• *selamat datang di web kami*

    Pages

    PKKT di awal Puasa


    Oleh : Muhammad Badrushshalih

    Hari ini adalah hari pertama umat Islam di Indonesia untuk melaksanakan sebuah kewajiban di bulan Ramadhan, shaum. Semalam kamipun melaksanakan shoat tarawih dan pagi sahur. Ini berdasarkan kesepakatan ulama Indonesia melalu menteri departemen agama yang telah melihat bulan dan menentukan shaun jatuh pada hari sabtu tanggal 22 Agustus 2009.
    Subhanalloh..gemintang di dini hari memberikan keindahan yang membuat diri takjub akan ciptaann-Nya ini. Memberikan warna sendiri dengan cahayanya yang sendu memberikan kerlingan genit menemaniku berjalan menuju MAFAZA. Sahur pertama dengan ikan mujaer yang diberikan Mba Silus. Gak enak banget kalo di kosan anak kos Cuma beberapa anak, tuan rumah selalu membuatkan makanan ataupun minuman yang pokoknya mereka mengerti banget kalo kami kesulitan untuk memperoleh keduanya. Karena kalau waktu liburan semua warung hampir tutup, sehingga kami (anak kos) yang biasa makan di warung jadi terlantar..he..he
    Ahamdulillah…jama’ah subuh yang mengejutkan. Tidak seperti biasanya. Jumlah yang cterbilang banyak dari biasanya. Terlebih lagi ada peserta Pesantren Ramadhan yang berlangsung mulai kemarin pagi.n mereka mengunap selama 3 hari di mafaza untuk mengikuti berbagai ragam kegiatan yang sudah dirancang panitia.
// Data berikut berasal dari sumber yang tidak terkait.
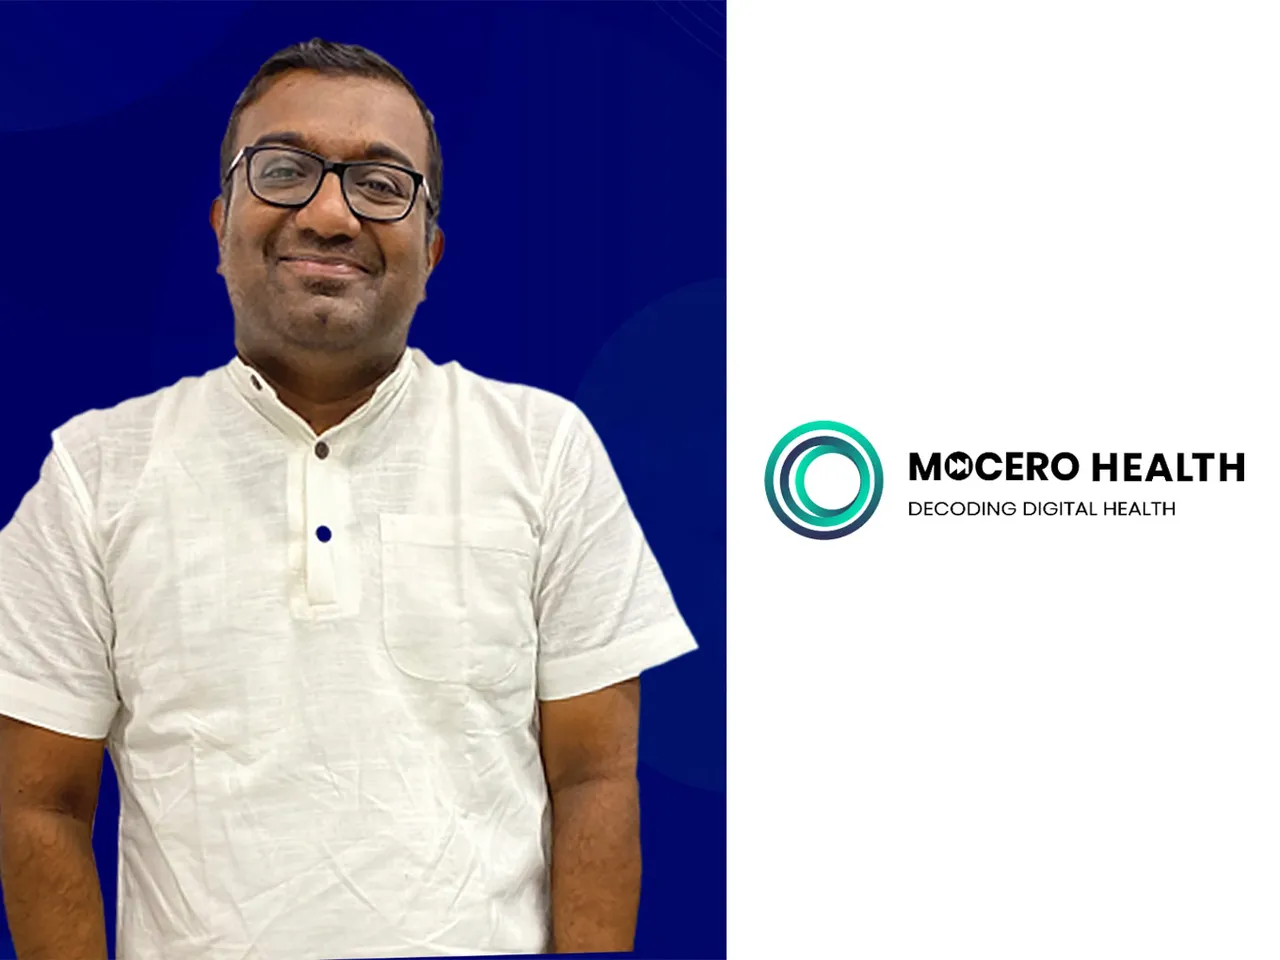 Health tech startup Mocero Health raises Rs 1.3Cr in a seed round led by Inflection Point Ventures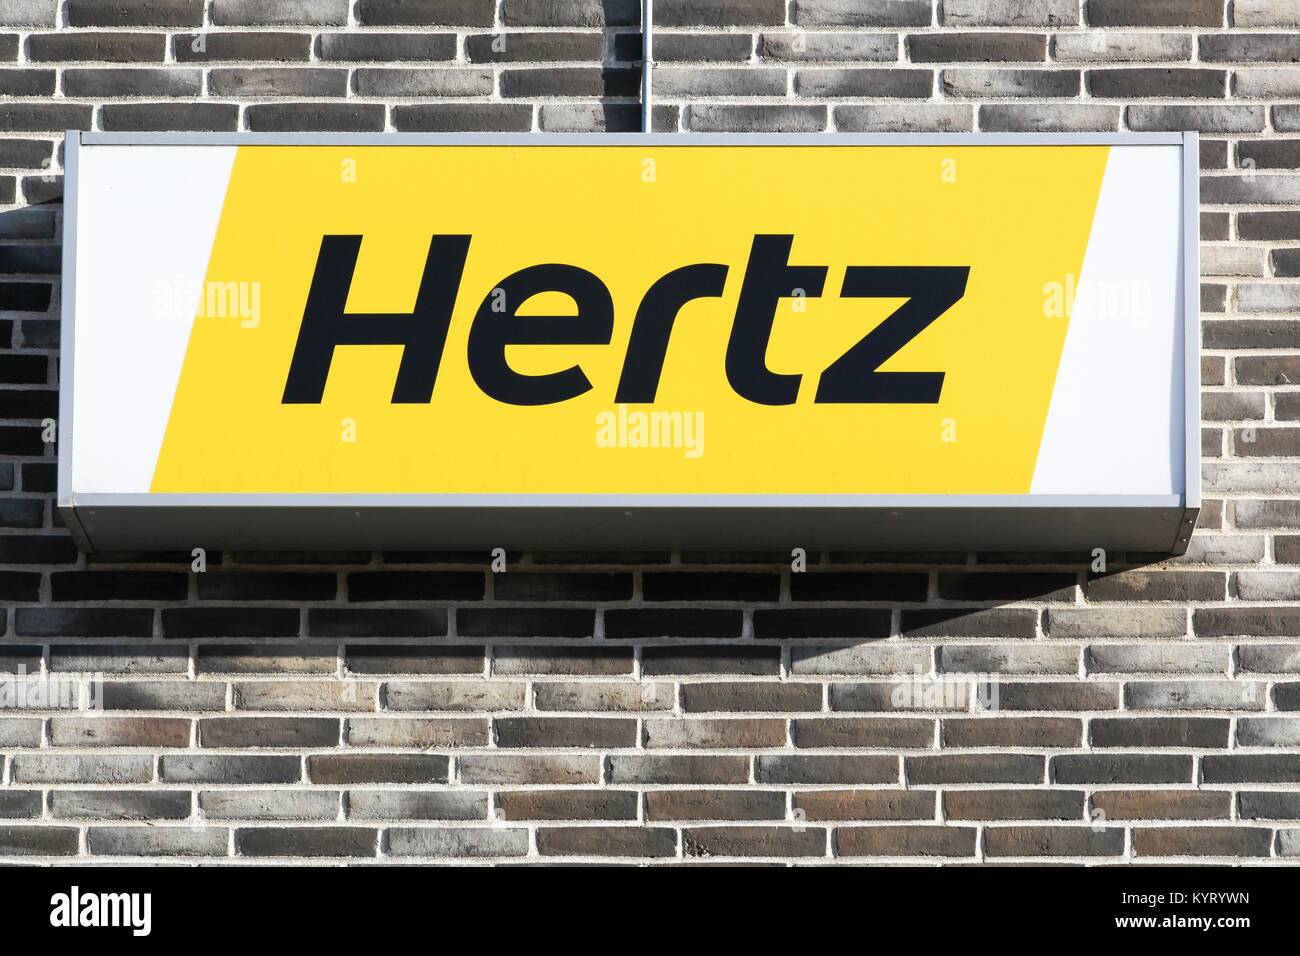 Aalborg, Denmark - July 13, 2017: Hertz logo on a panel. Hertz is an American car rental company with international locations in 145 countries Stock Photo

Sore ini mereka menjual minuman iftor. Temenku, poeth, jadi sasaran pembeli minuman pembuka itu. Cap jempol deh buat adek yang bisa mengalahkan poeth sehingga membelinya.
    Pembekalan hari ini adalah 3 mata kuliah yang dibagi dari jam 7 sampai jam 11. Adapun mata kuliahnya terdiri dari keperawatan keluarga, keperawatan gerotik dan keperawatan komunitas. Kami dibagi menjadi tiga kelompok besar. Kelompok pertama merole play keperawatan keluar, kelompok 2 gerontik dan kelompok 3 komunitas.
    Jam 11pun lewat, karena pada pagi tadi anak-anak banyak yang telat masuk. Maklum, alasan klasik, shaum. Padahal dengan adanya Ramadhan ini, seharusnya menjadikan kita lebih hidup karena seharusnya Ramadhanlah hari-hari kita. Setiap detik diitung ibadah yang tak hingga. Aasan klasik lainnya ialah karena hari pertama. Dan MASALAH yang saya simpulkan, kebanyakan kita kesiangan saat bangun, karena sehabis subuh langsung tidur lagi. Harusnya mereka mendengarkan pesan Mbah Surip (Alm) “bangun tidur langsung lari pagi, supaya gak ngantuk”. Eh..ini malah tidur lagi…fuih..
    Suasana ramai setelah kuliah, tapatnya lagi setelah pak Arif mengklarifikasi semua yang belum jelas dari mahasiswa mengenai keprofesian, termasuk di dalamnya pembagian kelompok yang terasa gak adil antara proporsi cewek dan cowok. Namun akhirnya semua tetap mengikuti semua yang telah tertulis, karena ketakutan kelompok yang gak ada yang bisa diandalkan saja. Padahal profesi adlah waktunya show off, I’m a NURSE.